_DATA EXCERPTS:_
══════════════════════════════
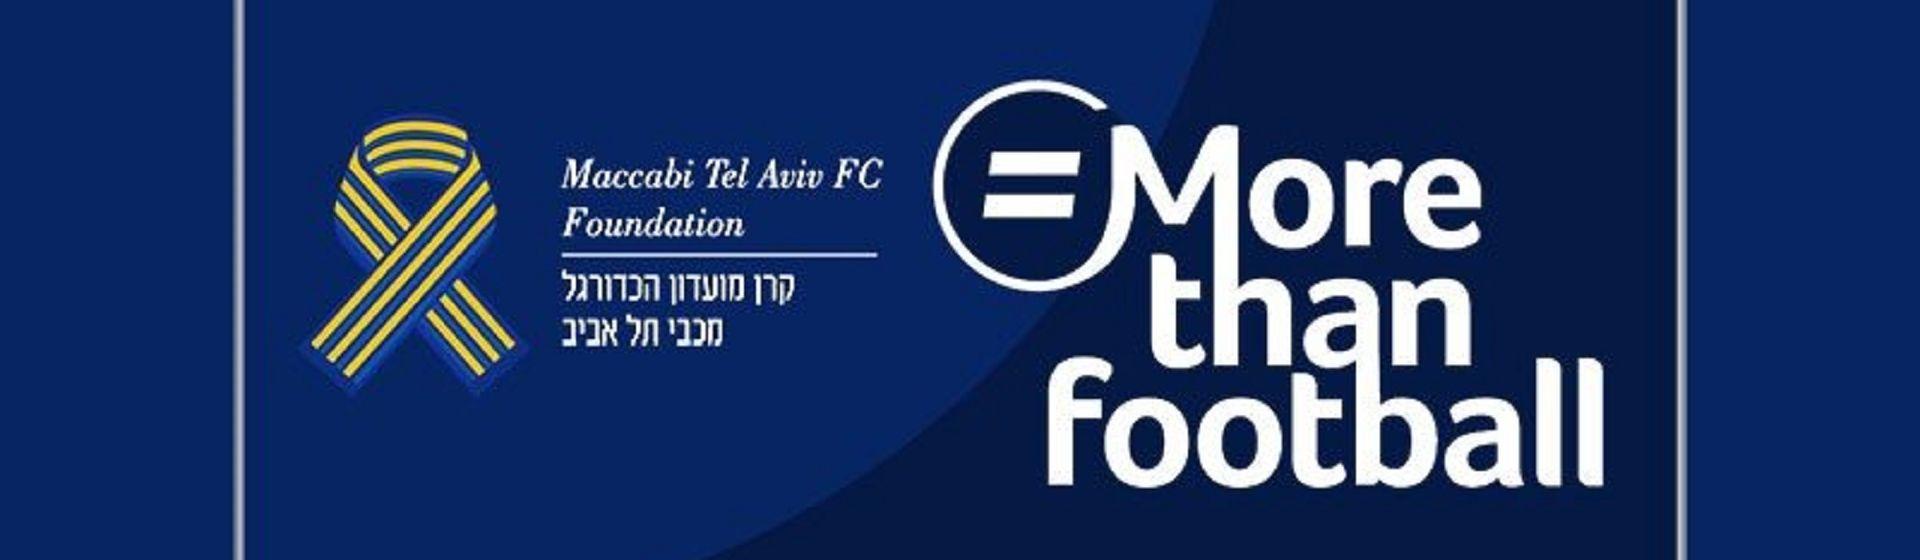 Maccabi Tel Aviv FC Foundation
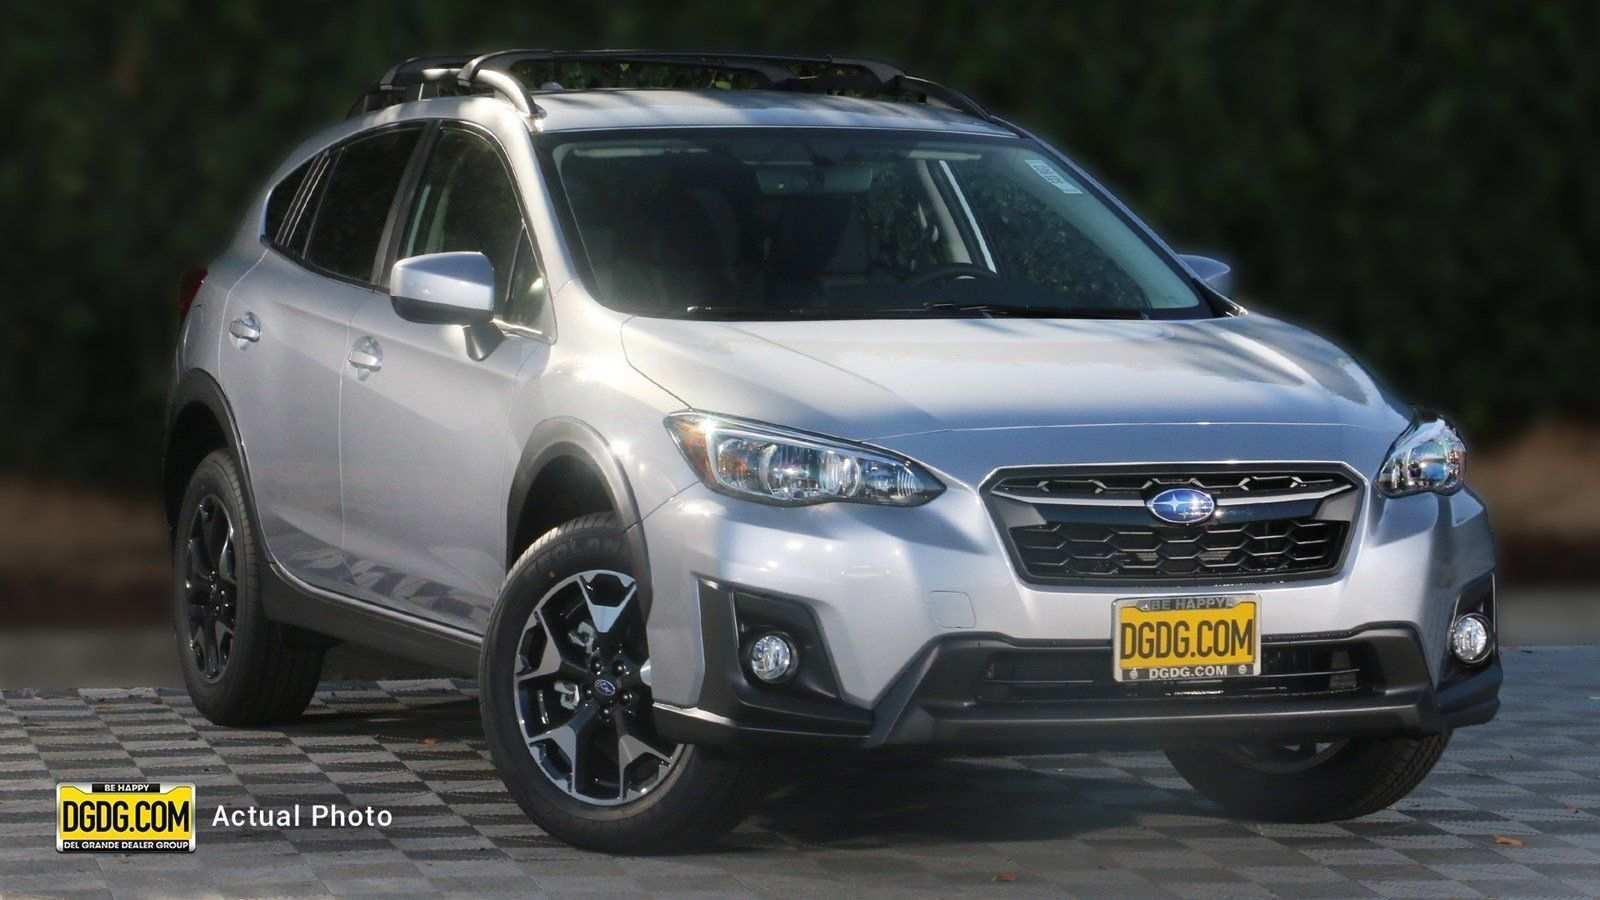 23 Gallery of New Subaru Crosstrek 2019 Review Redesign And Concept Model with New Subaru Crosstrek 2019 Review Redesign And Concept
══════════════════════════════
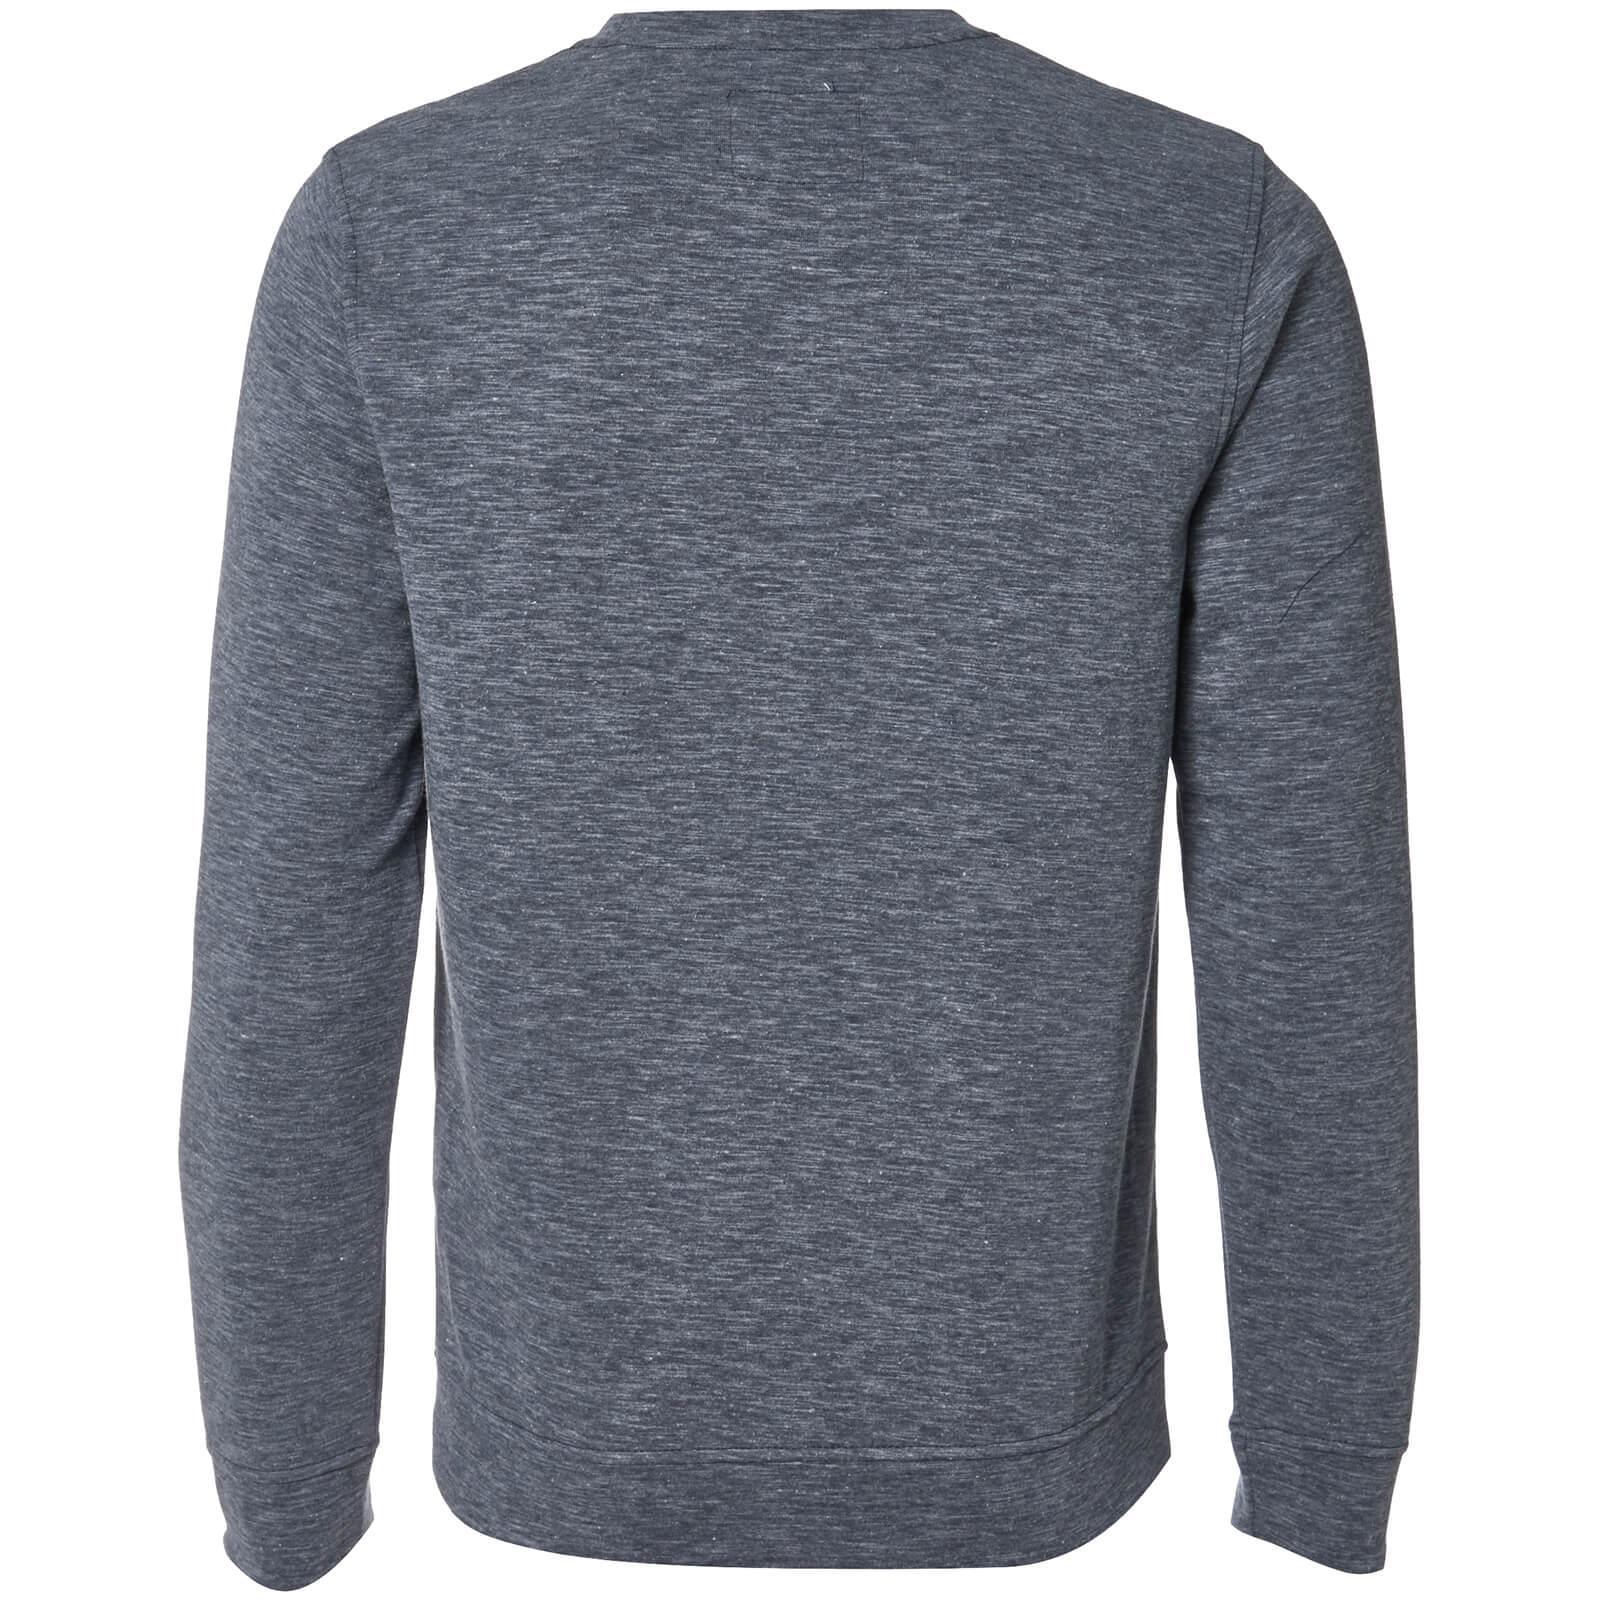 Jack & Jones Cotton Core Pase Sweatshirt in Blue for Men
══════════════════════════════
Nothing outside the stretch above, from the line with "Maccabi Tel Aviv FC Foundation" through the line with "23 Gallery of", is set down. Transcribe that stretch exactly, ends included, but not its pictures.

 Maccabi Tel Aviv FC Foundation
 23 Gallery of New Subaru Crosstrek 2019 Review Redesign And Concept Model with New Subaru Crosstrek 2019 Review Redesign And Concept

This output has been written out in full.